In light of recent racially-charged incidents, author Jan Miles reinvented Victor Hugo Green’s 1936 The Negro Motorists Green Book, which helped Black Americans navigate safe hospitality needs during segregation. Miles told Think Progress she hopes her self-published 2017 book, The Post-Racial Negro Green Book will “draw increased public attention and a level of sustained concern about the racists outrages that now flicker  past Americans on Facebook and Twitter.”

The effects of racism span from economic to health-related. According to Statista, 40 percent of Black Americans report stress as a result of discrimination. Thirty-six percent of Asians report racism-related stress, compared to 31 percent of Native Americans and Alaskans and 27 percent of Latinx.

To be sure, other people of color, LGBTQ communities and religious communities are also subjected to racism, as well as homophobia and xenophobia.

Individuals and institutions are combatting racism utilizing cultural organizing and legal methods. Bystanders became allies in Oakland when a white woman called police on two Black men, Onsayo Abram and Kenzie Smith, because they were grilling.

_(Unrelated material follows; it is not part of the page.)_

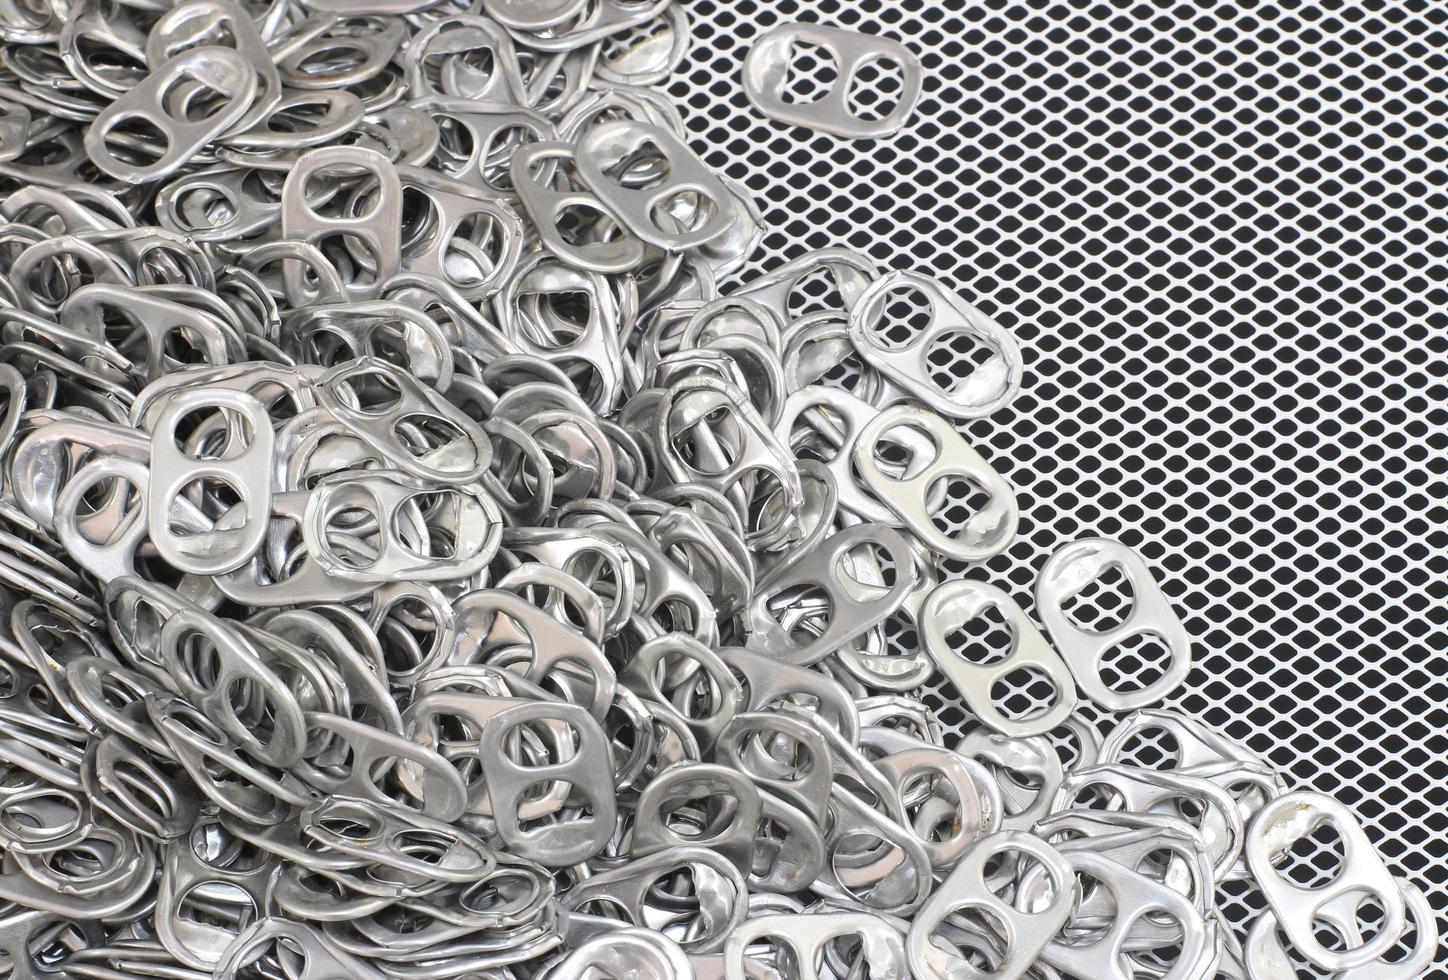 Can tabs on metal photo

Later, a rally, Grill Your Government, ended at a City Council meeting where residents asked for an ordinance that fines abusers of Oakland Police Department 911 system.

In New York, demonstrators including a mariachi band protested the racist tirade of an attorney who berated and threatened to call ICE on Spanish speaking workers at a restaurant. A petition to have the attorney disbarred was unsuccessful.

Decades after my initial run-in with racism, I am reminded that so many in this country are continually confronted with the legacy of hate that has poisoned its citizens for centuries. Citizenship for Americans cannot be allotted to some, but needs to be accessible to all.